_Data_.

......

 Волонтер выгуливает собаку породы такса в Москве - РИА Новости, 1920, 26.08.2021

......

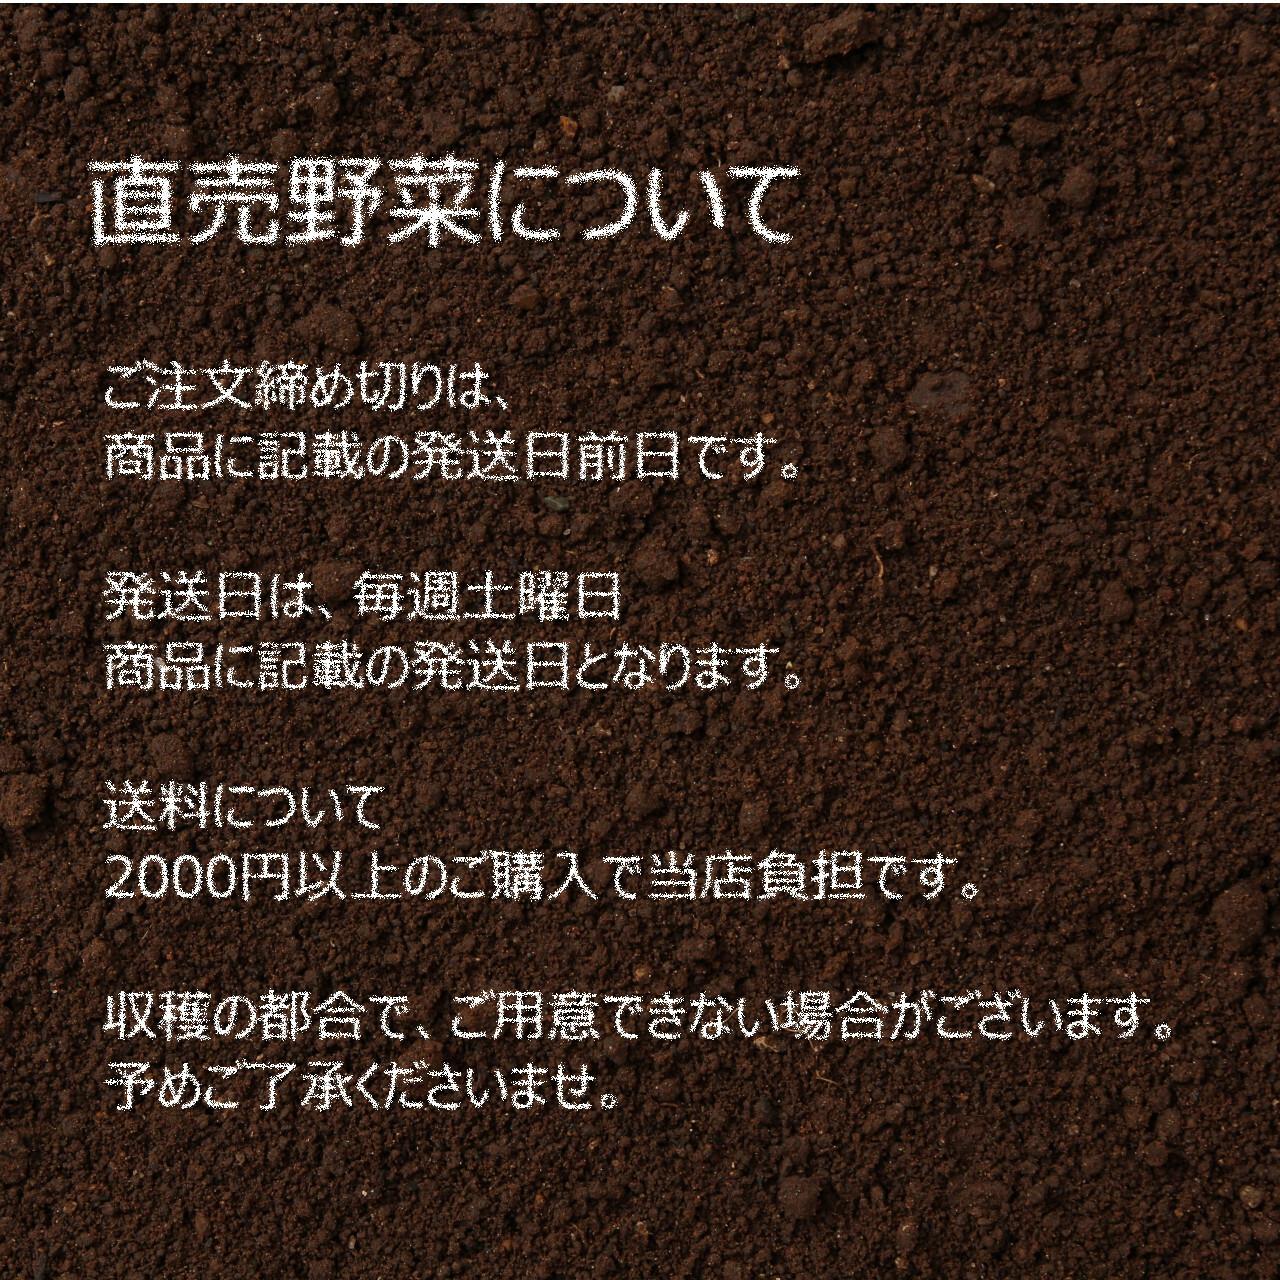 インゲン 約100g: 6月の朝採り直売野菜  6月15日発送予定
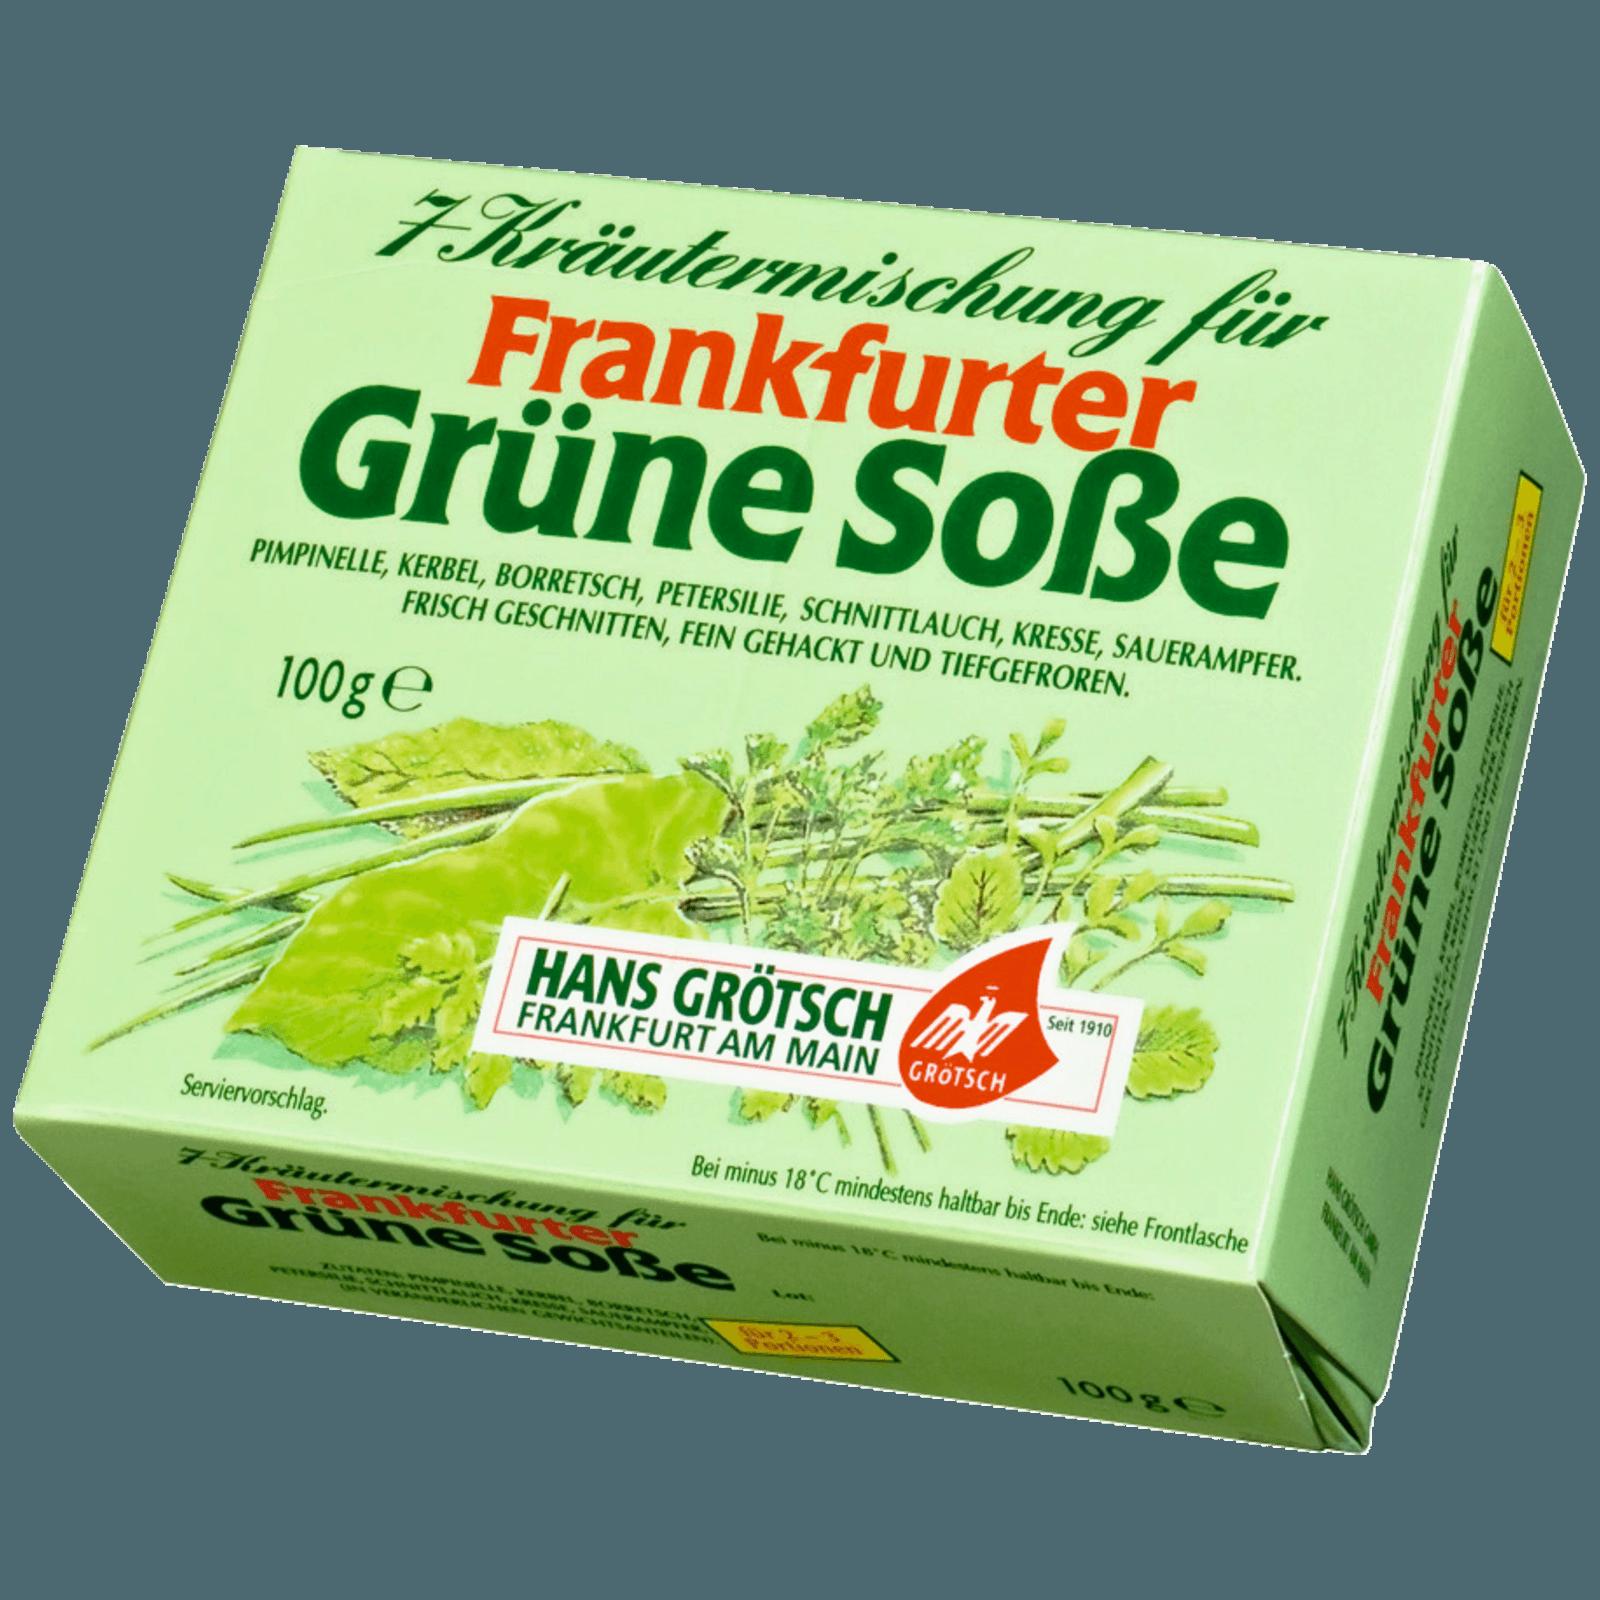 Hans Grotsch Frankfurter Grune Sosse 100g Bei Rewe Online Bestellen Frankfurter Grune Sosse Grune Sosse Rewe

......

_Exercise brief_. What are the lines in the records above, word for word, from the one containing "インゲン 約100g: 6月の朝採り直売野菜" through the one containing "Hans Grotsch Frankfurter", both ends included and pictures left out?

_Solved problem_.
 インゲン 約100g: 6月の朝採り直売野菜  6月15日発送予定
 Hans Grotsch Frankfurter Grune Sosse 100g Bei Rewe Online Bestellen Frankfurter Grune Sosse Grune Sosse Rewe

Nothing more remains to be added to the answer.